WORK TASK:
From the listing below, set down exactly the lines between the one holding "Harajuku Girl in" and the one holding "Spiderman PS4 – Todo Accesorios Colombia", inclusive. No other line is wanted.

-- DATA EXTRACT follows --

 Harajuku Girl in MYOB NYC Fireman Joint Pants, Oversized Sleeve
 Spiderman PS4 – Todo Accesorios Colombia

-- DATA EXTRACT concluded --
-- DATA EXTRACT follows --

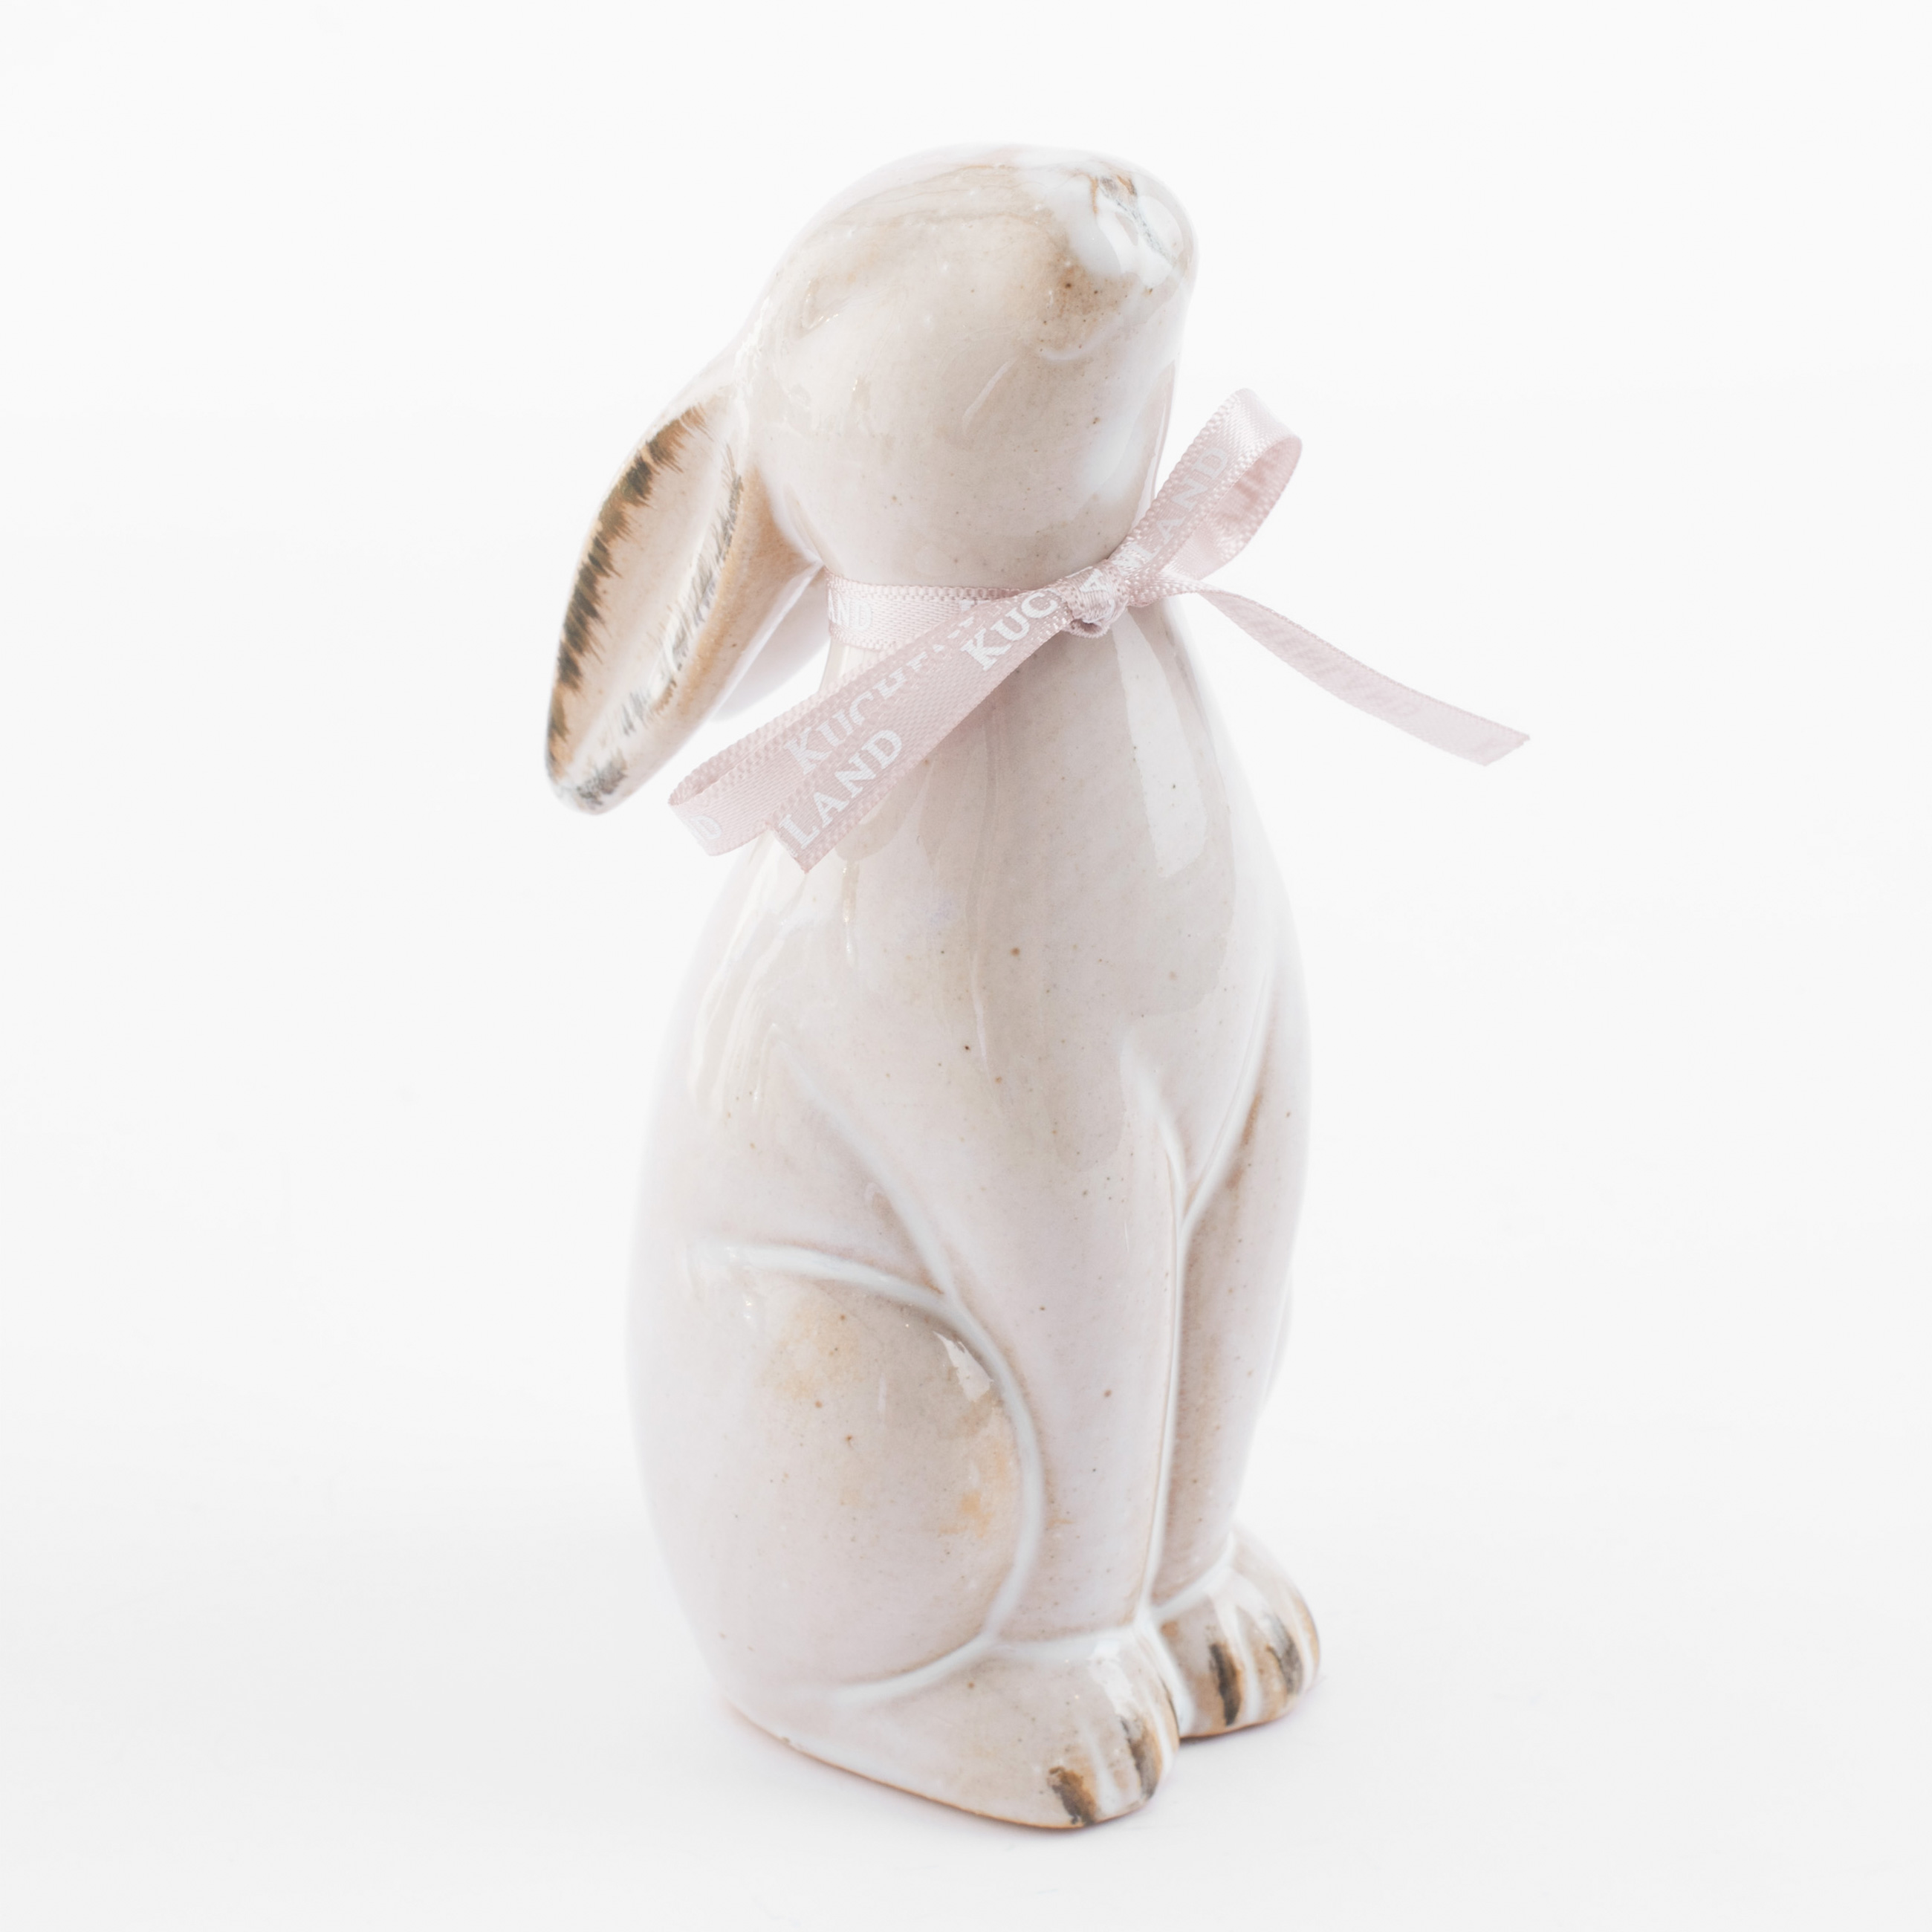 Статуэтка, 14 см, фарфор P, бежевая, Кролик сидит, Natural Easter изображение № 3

-- DATA EXTRACT concluded --

THE COMPLETED TASK:
 Harajuku Girl in MYOB NYC Fireman Joint Pants, Oversized Sleeve
 Spiderman PS4 – Todo Accesorios Colombia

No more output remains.